[IMPORTANT]
** Commit ad401a8 should help stabilize distributed training on Windows. If you're still facing issues and previous fixes did not help, try setting GLOO_SOCKET_IFNAME to different networking devices**
A lightweight, decoupled training environment for circlestone-labs' Anima model, currently support Lora training only. Windows and Linux support. Built upon sd-scripts implementation.
git clone https://github.com/gazingstars123/Anima-Standalone-Trainer.git
cd Anima-Standalone-Trainer
Run the provided setup script for your operating system:
Windows:
.\setup_env.bat
Linux:
./setup_env.sh
This will create a virtual environment (venv), install all Python dependencies (assuming you have met the prereqisites), and set up the Web UI.
This script will probably install Torch and Torchvision version below. Depends on your system, you may want to install another version of Pytorch with CUDA.
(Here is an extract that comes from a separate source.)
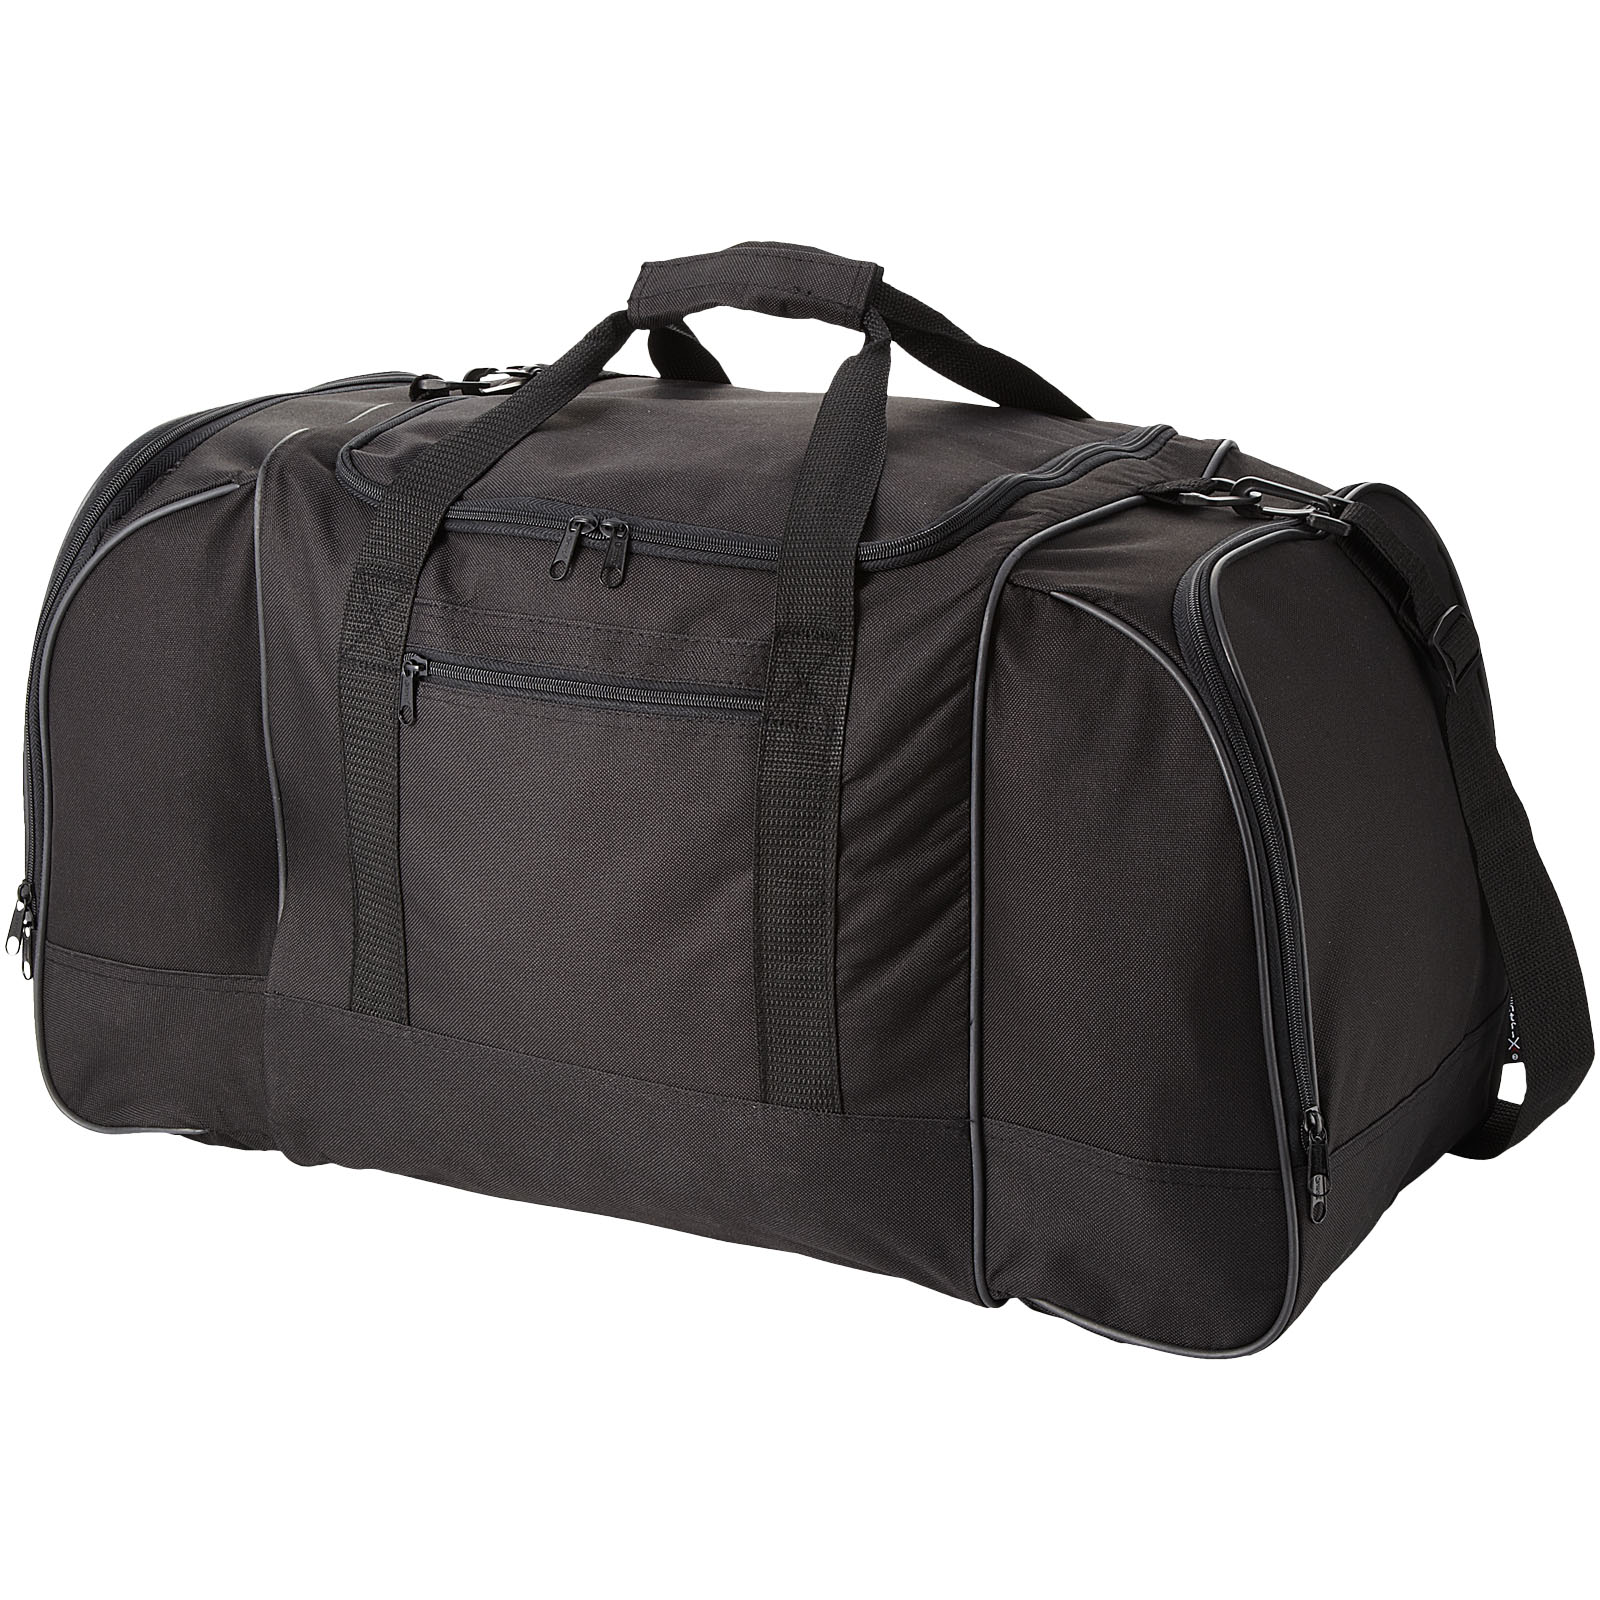 Adjustable Travel Bag - Cambridge - Halstead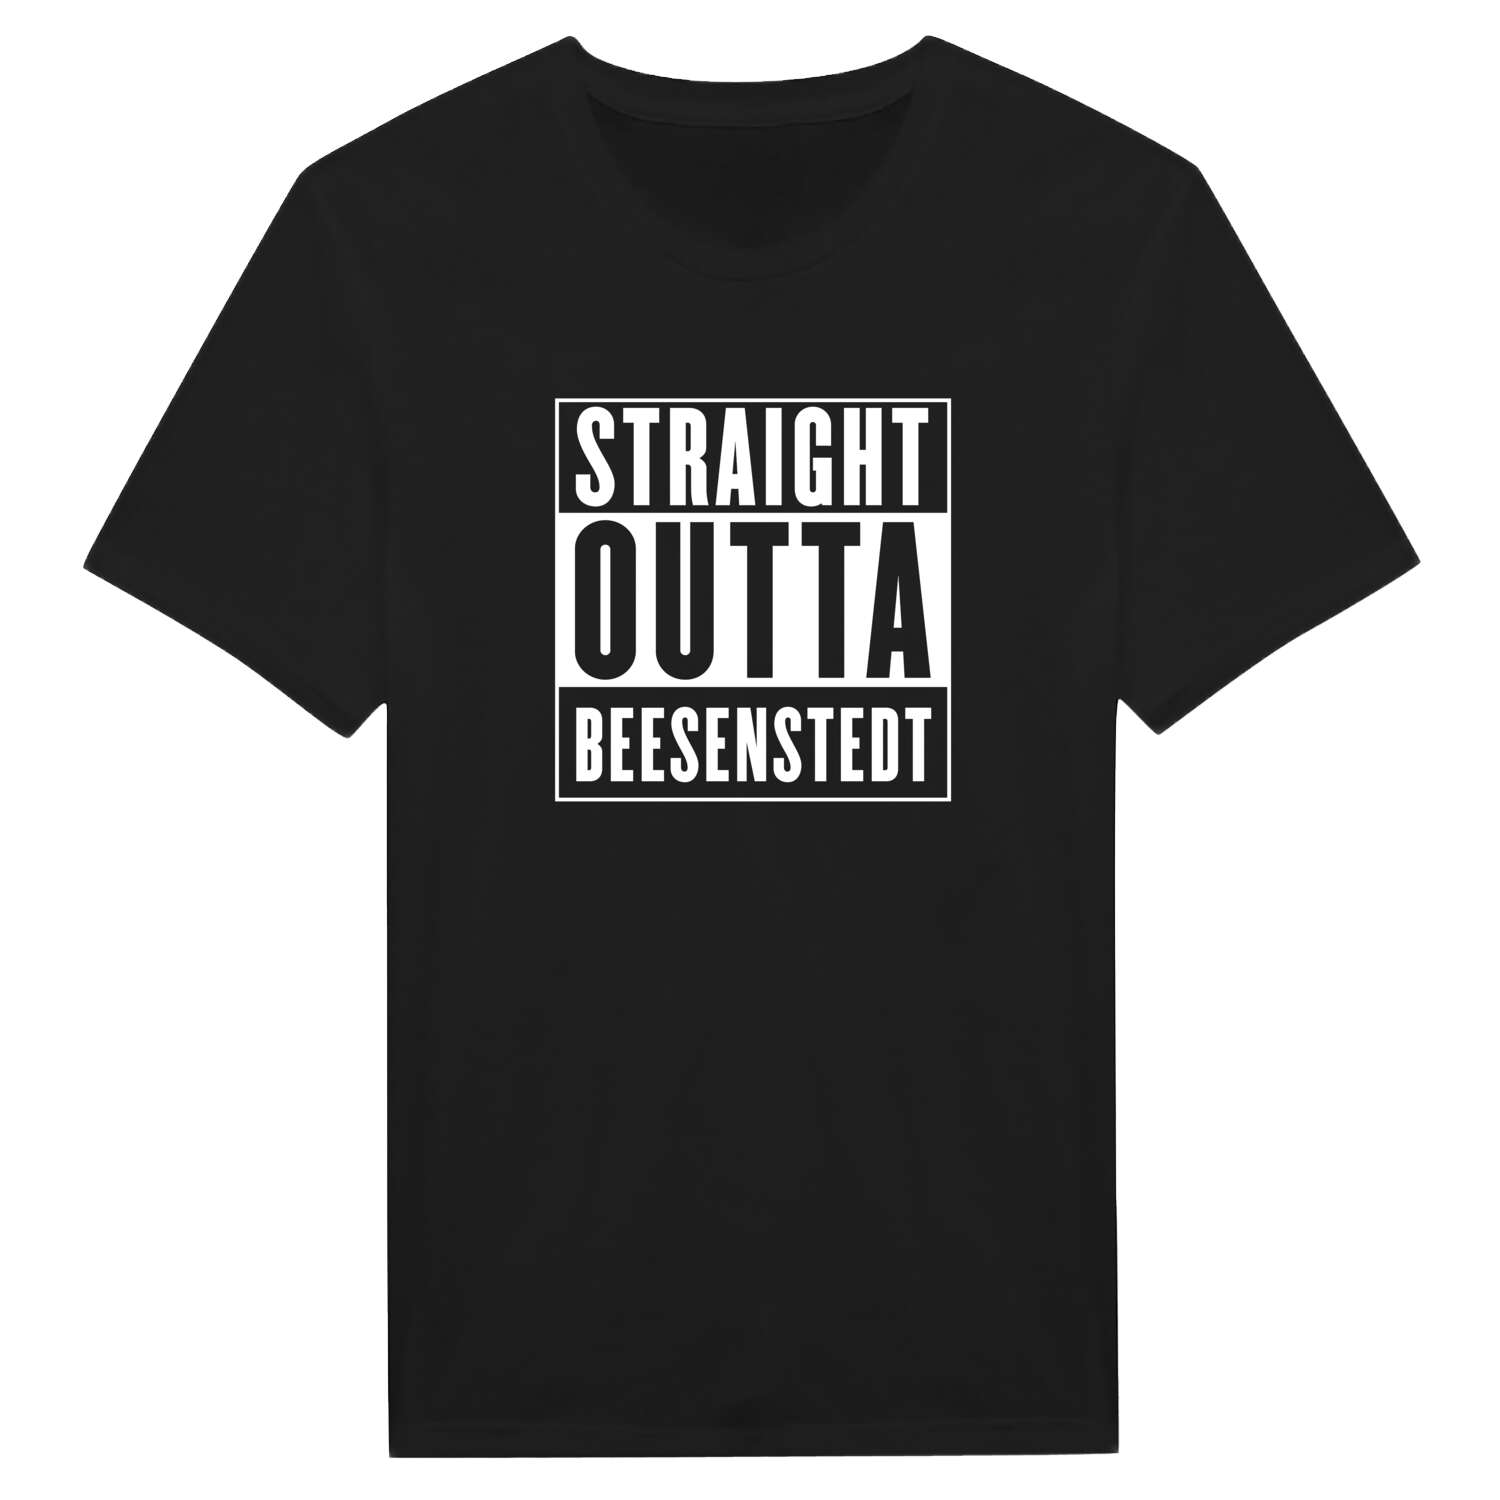 Beesenstedt T-Shirt »Straight Outta«

pip install torch==2.7.0 torchvision==0.22.0 --index-url https://download.pytorch.org/whl/cu128
To start the training server and open the web interface:
Windows:
.\training-ui\start_training_ui_anima.bat
Linux:
./training-ui/start_linux.sh
Once launched, open your browser to: http://localhost:3000
After launching the UI for the first time, you'll need to configure your model paths:
C:\model\anima.safetensors)C:\model\qwen_image_vae.safetensors)C:\model\text_encoders\qwen_3_06b_base.safetensors)These paths are saved globally and shared across all training jobs.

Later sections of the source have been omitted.